Even before the arrival of Moshiach, Hashem can change things if He knows they need to be changed. For example the book of Ezra once included the book of Nehemia. Nowadays, we have two separate books, Ezra and Nehemia. How did this change take place? The goyishe printer (I think it was Guttenberg) printed them as two separate books, and surprisingly the whole world, including the Jewish world accepted this. What I read about this in the name of one of the great tsadikim was that Nehemiah had made a mistake which, according to the ruling of the heavenly court, disqualified him from having a sefer in the Tanach called on his name. Many hundreds of years passed and Nehemia’s soul was so purified that he now deserved to have a book called on his name. By this time there was no prophecy so the change had to be made in a roundabout way. And so Hashem designed that the printer make the change and the Jews for some reason accepted it. It was all Hashem’s doing. 

Something similar happened with girls studying Torah as I already explained in my comment to Ariella. 

What I want to bring out is that Hashem runs the world.  That’s the whole point. 

Chaim B. wrote: “...I am curious if you have sources which explicitly say that the Sanhedrin will reverse itself on these type issues. (I am not aware of sources that predict legislation of a future Sanhedrin) or is this speculation on your part based on your own reasoning?” 

My source is the tfila that am Yisrael says three times a day - “Return our judges as it was in the beginning...and remove from us despondency and sighing.” Being married to an abusive spouse most certainly causes despondency and sighing. Therefore it is self evident that our judges - the Sanhedrin - will remove this problem, for otherwise they would not be removing the despondency and sighing.  

On the other hand, if one does not accept that the sanhedrin (our judges) will correct any injustice or suffering caused by this situation, then one does not accept that this prayer will be fulfilled. I therefore find it a logical imperative that the Sanhedrin will solve this problem. 

However, divorce will probably not last for long.
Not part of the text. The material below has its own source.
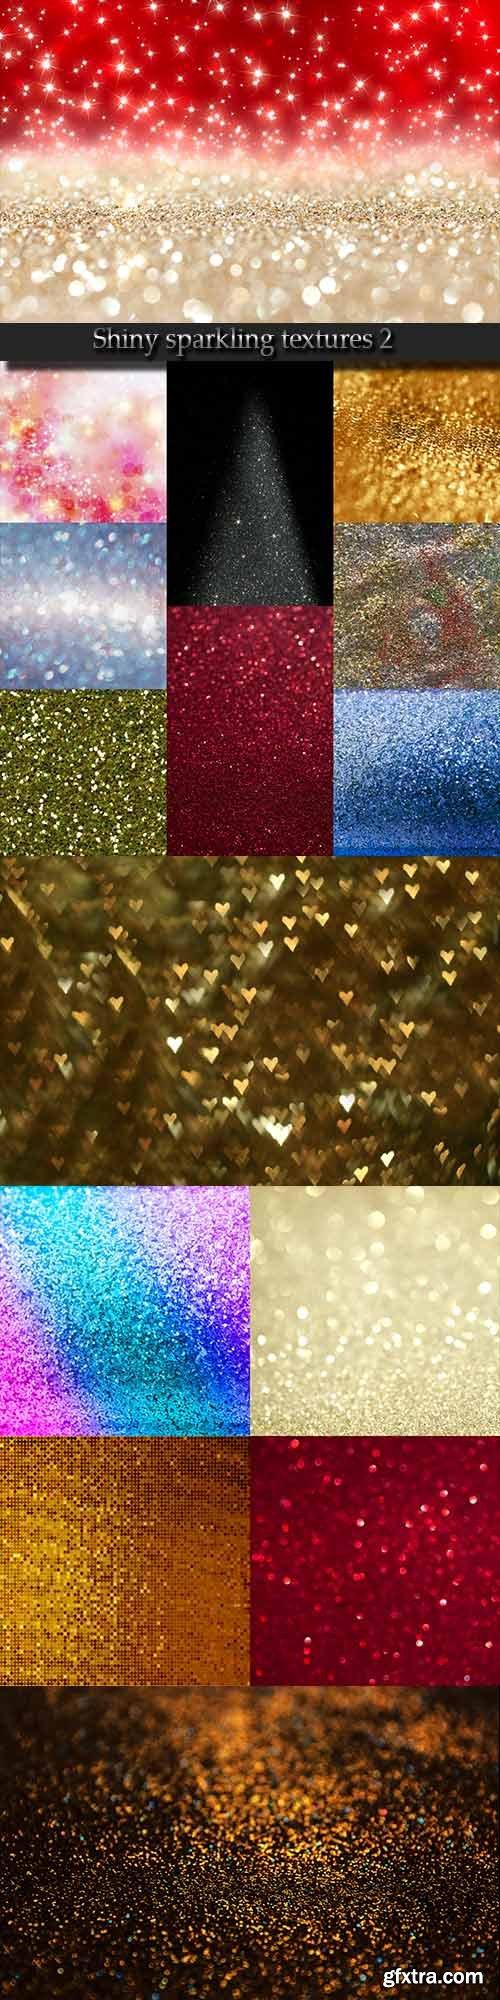 Shiny sparkling textures 2

The ge’ula comes in stages. At some point divorce will probably disappear, since there will no longer be a yetzer hara and people will no longer misbehave.

   

Chaim B. wrote: “...women in your view are essentially bound by laws which have no semblance to the facts on the ground. Is this what you suggest to give women comfort when they approach a difficult statement in chazal?” 

He also wrote: “Your approach glosses over this difficulty.  

Actually it stresses it. There is a section subtitled “The difficulties of Transition,” which says that the powers of Moshiach ben Yosef came into the world without Moshiach ben Yosef thus causing frustration and confusion. This is explained at greater length in the book.  I advise reading it carefully, as it explains a lot. 

Now Let’s examine the situation of a woman reading my book. She sees that Chazal and later rabbinic writers say that women are not intellectual, but she also sees that the universities are full of women who are succeeding in intellectual pursuits. She sees that Chazal say that women prefer even an unhappy marriage to no marriage (by the way, this isn’t very accurate - Chazal recognized that under certain circumstances divorce is preferable) but she also sees that there are many women around who are still single, not because they were never offered a shidduch but because they turned down the offers they felt were not suitable for them. Does this show that they prefer even a bad marriage to remaining single? They also see that whereas in ancient times most divorces were at the man’s initiative, today they are usually either wanted by both sides or davka the woman wants the divorce.  That is how “tav limeisav” became an issue. 

So what is the woman of today going to think without my book?  Is she going to think that there are no philosophical difficulties? Of course not. She sees the problem immediately. It isn’t that “in my view women are essentially bound by laws which have no semblance to the facts on the ground”, its that this is how the situation appears - with or without my view.  

So lets compare how the potential reader reacts without my book and with my book. Without my book she has a real problem in emunah. Why were Chazal or later rabbinic authorities saying things that anyone today can see are not reality? Were they prejudiced against women, cholia (which is what some conclude)? Were they simply mistaken, confusing socially caused situations with the essential nature of women? These are very disturbing questions which challenge basic emunas chachamim. 

My book says that Chazal were telling the truth. But in ikvesa demishicha things are different, and this was already predicted in kabbalah. I bring many respected Torah sources to show all this. The book even shows that Chazal knew there would be a change, and hinted at it in the bracha vi’ha’arev no.  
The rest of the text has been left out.